Data ▸
Start of Block
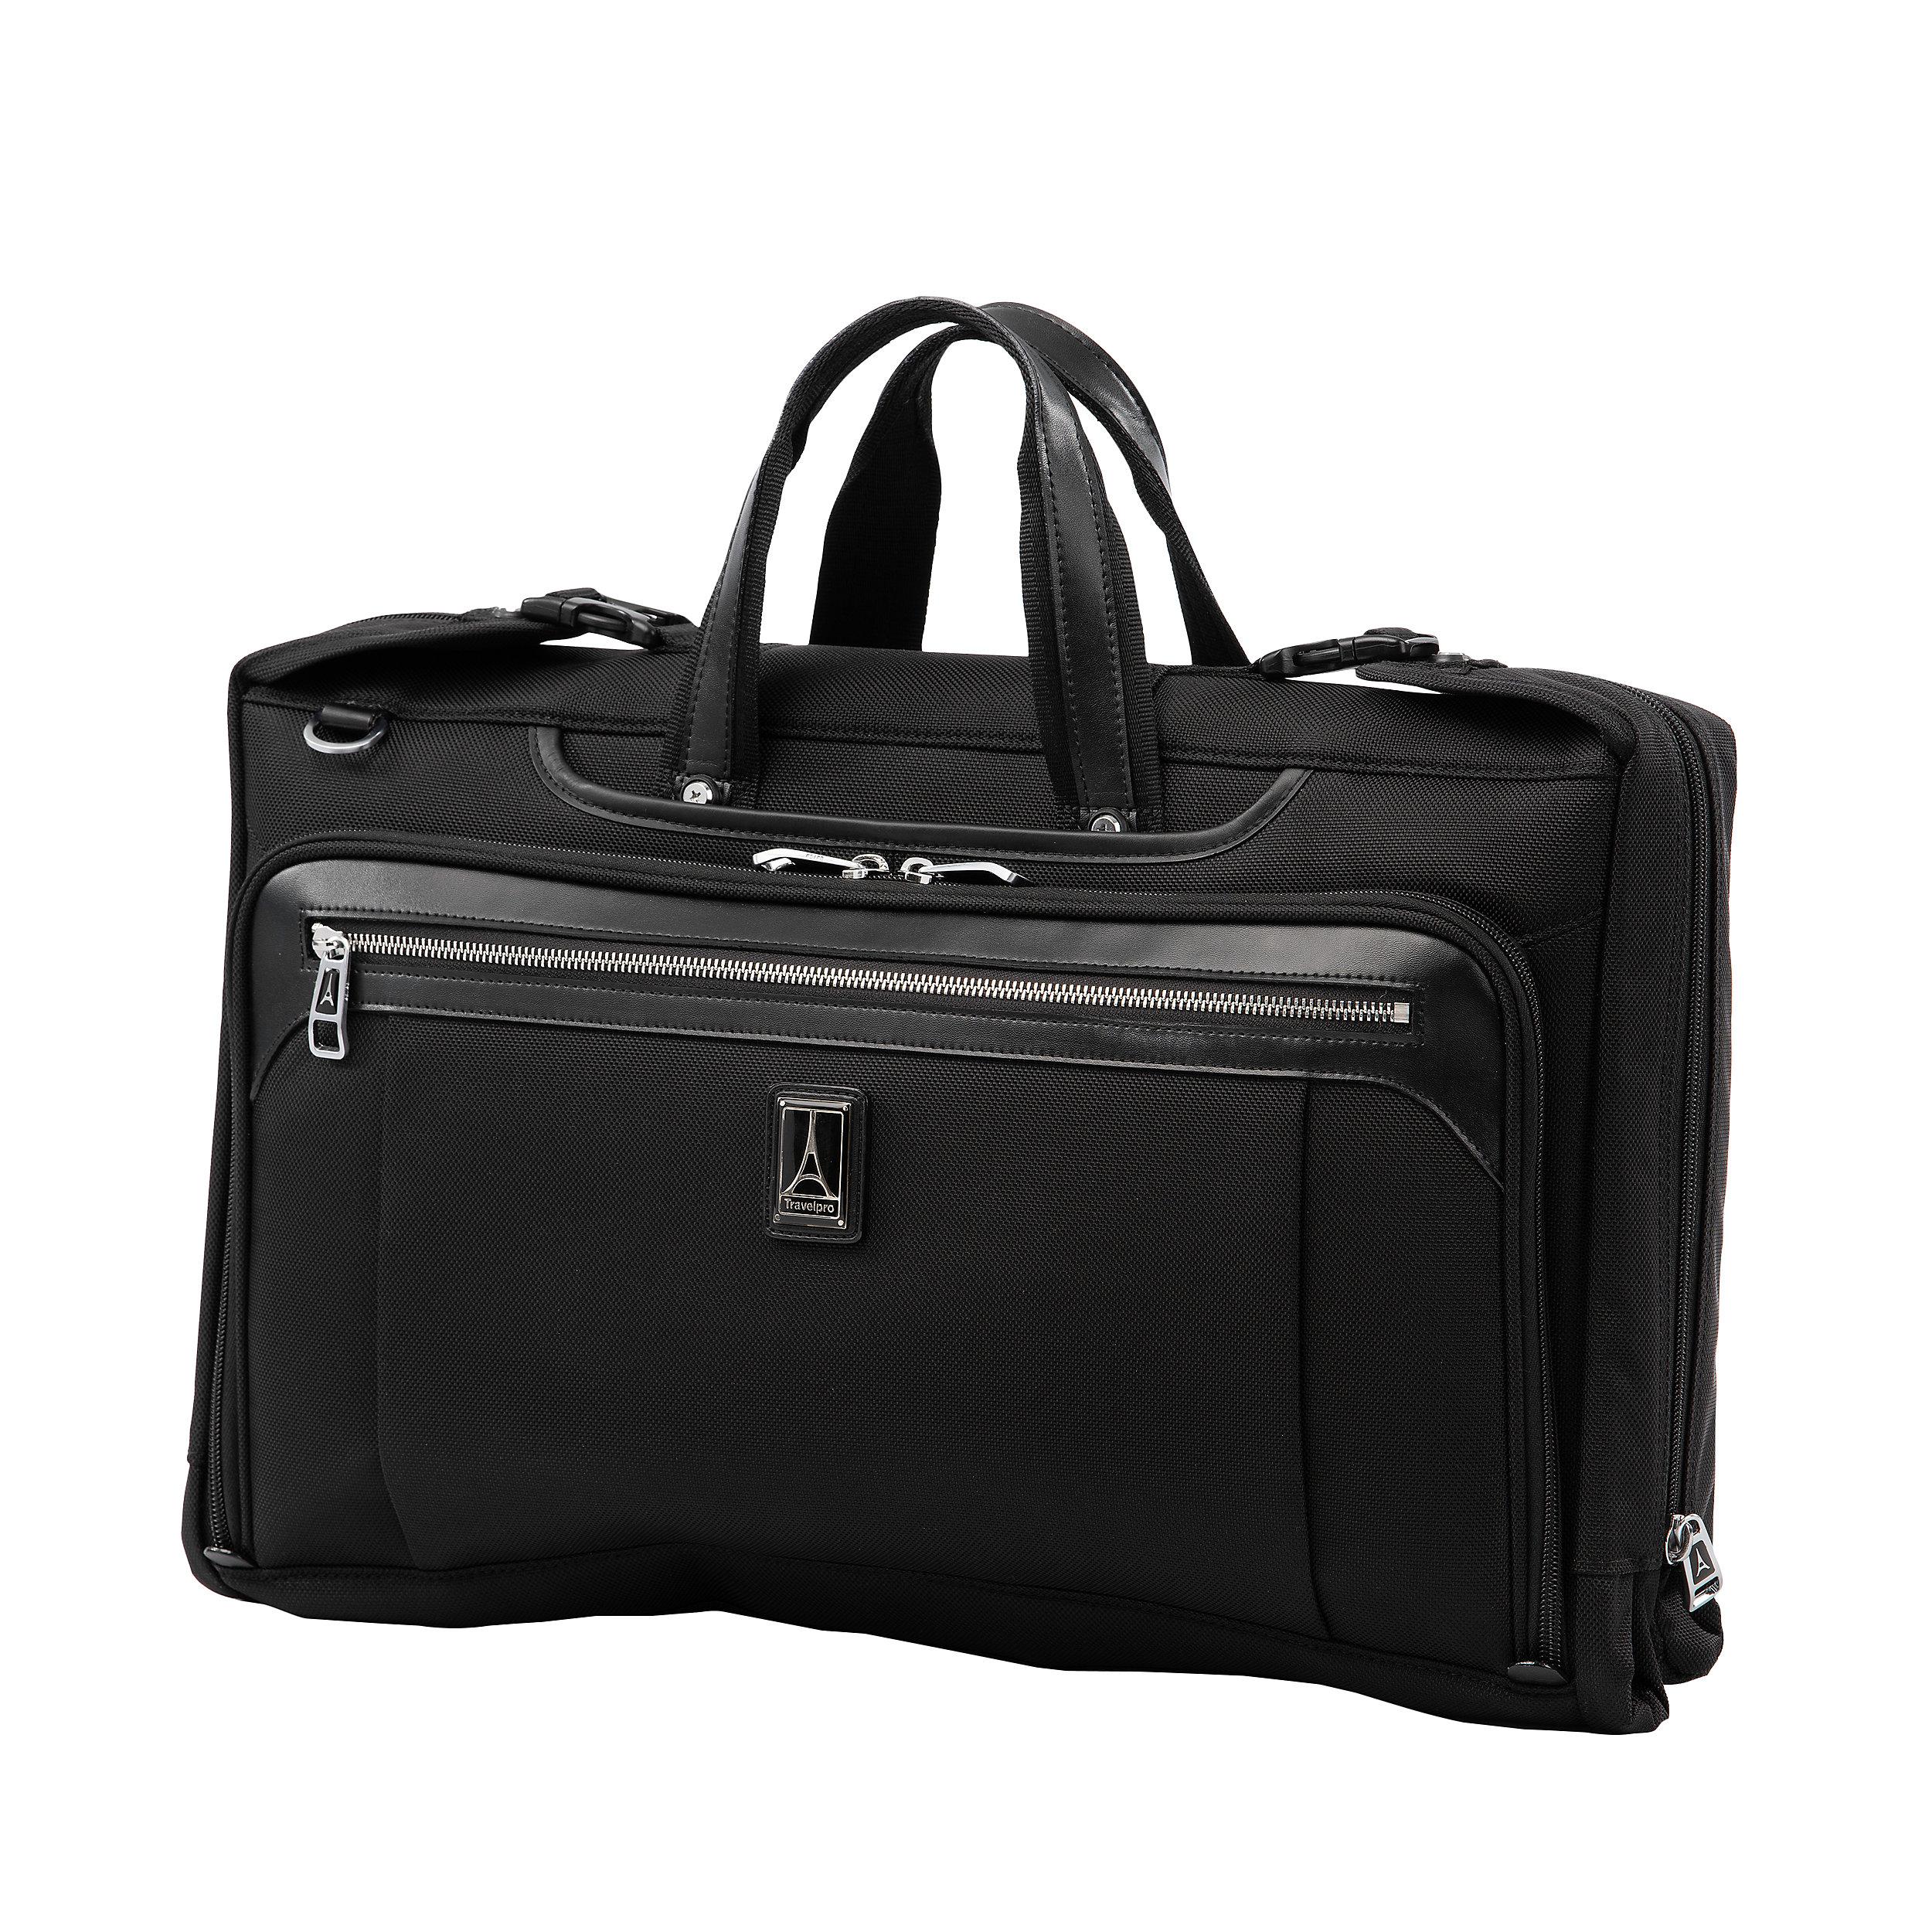 Garment Bag Tri-Fold Carry-on Platinum Elite Extra Small 20 Liter
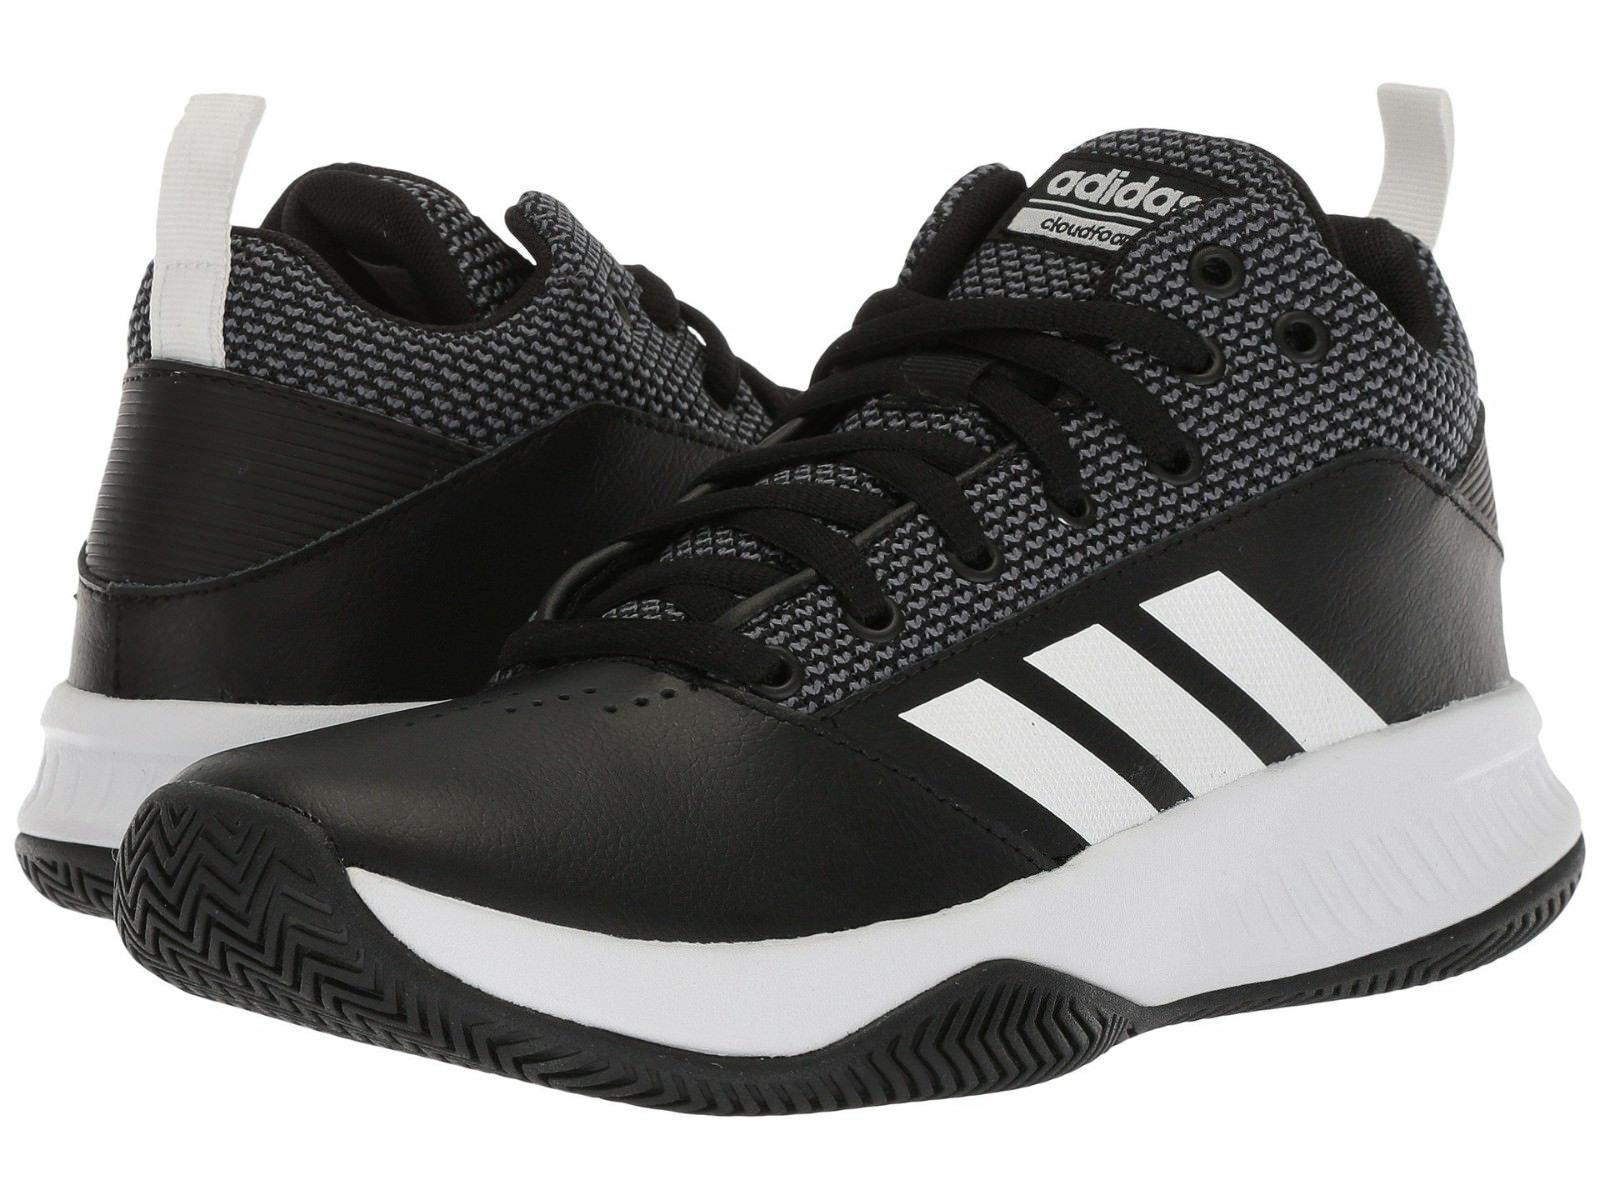 Men Adidas ILation 2.0 Basketball shoes DA9847 Black White Grey 100% Authentic
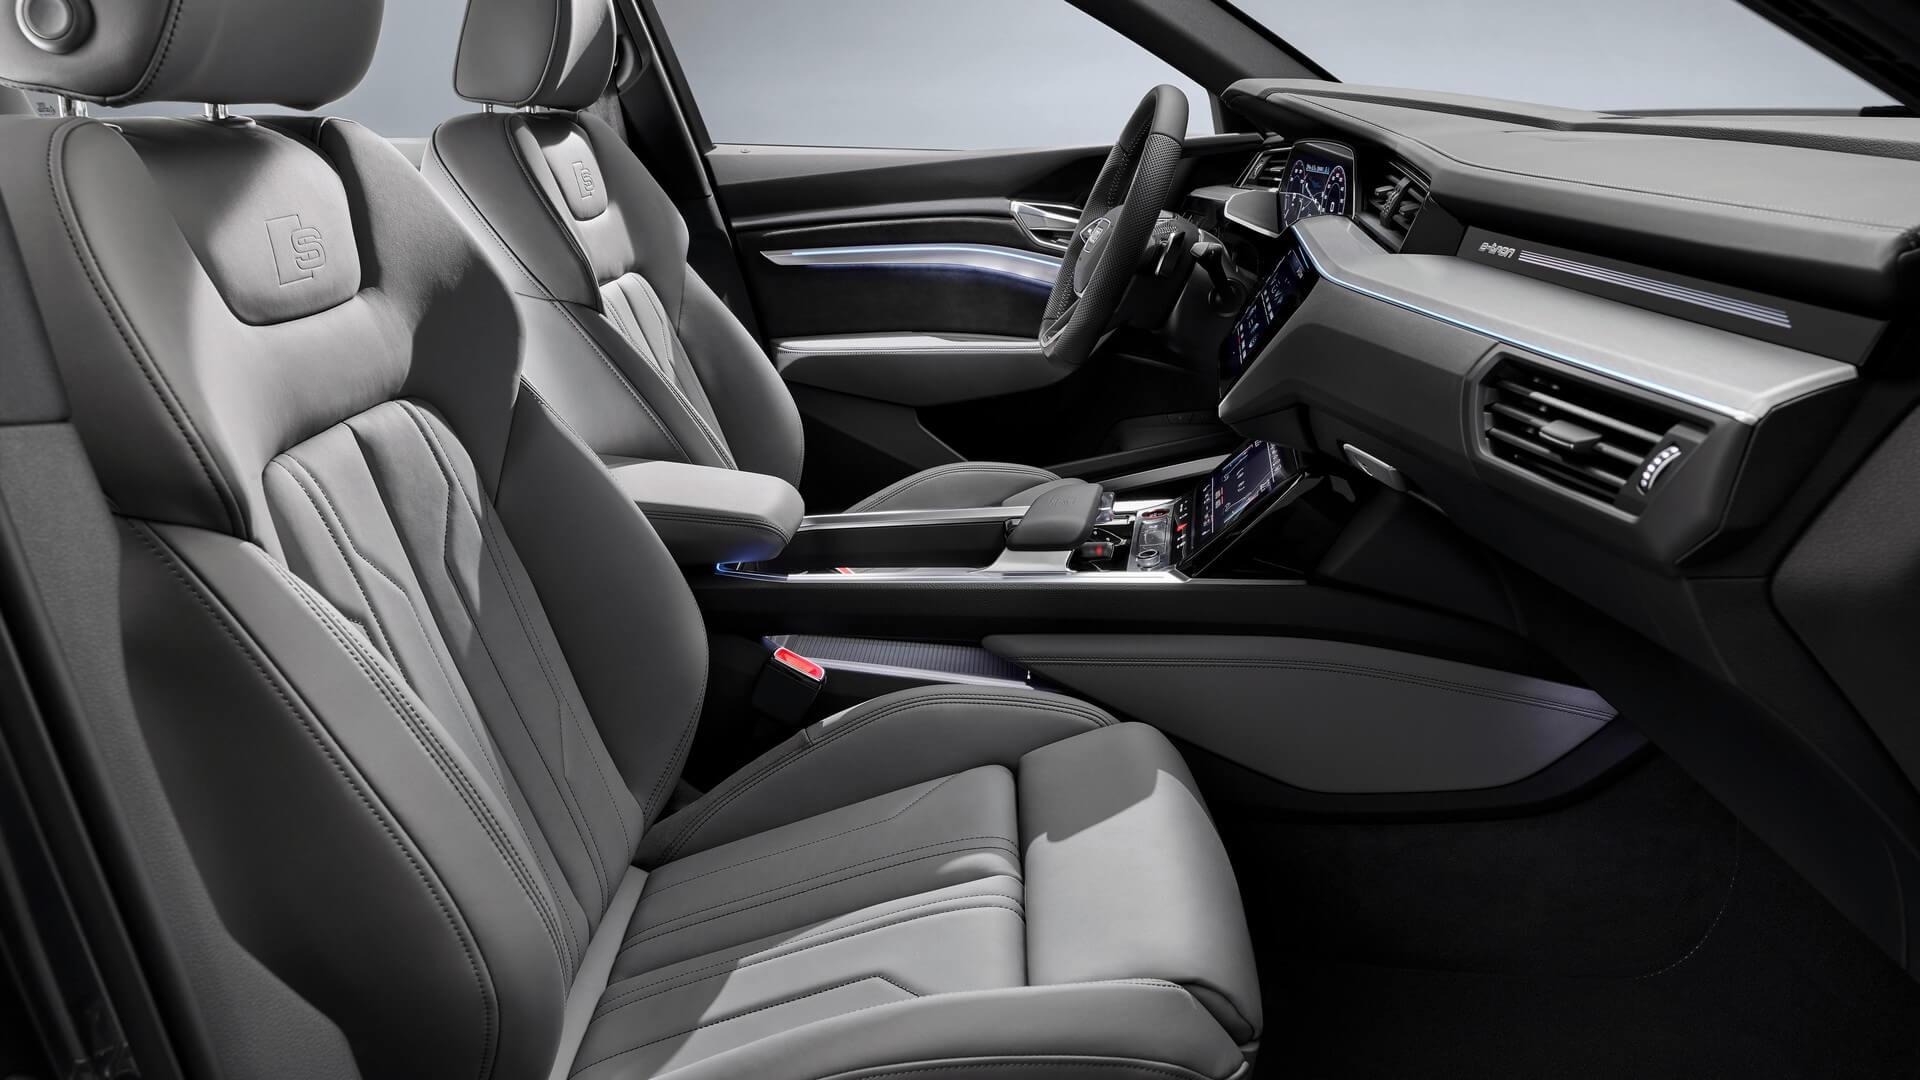 Audi-E-Tron-S-and-E-Tron-S-Sportback-2020-125
End of Block
Problem details ▸ Give back the data exactly. Pictures stay out.

Finished exercise ▸
 Garment Bag Tri-Fold Carry-on Platinum Elite Extra Small 20 Liter
 Men Adidas ILation 2.0 Basketball shoes DA9847 Black White Grey 100% Authentic
 Audi-E-Tron-S-and-E-Tron-S-Sportback-2020-125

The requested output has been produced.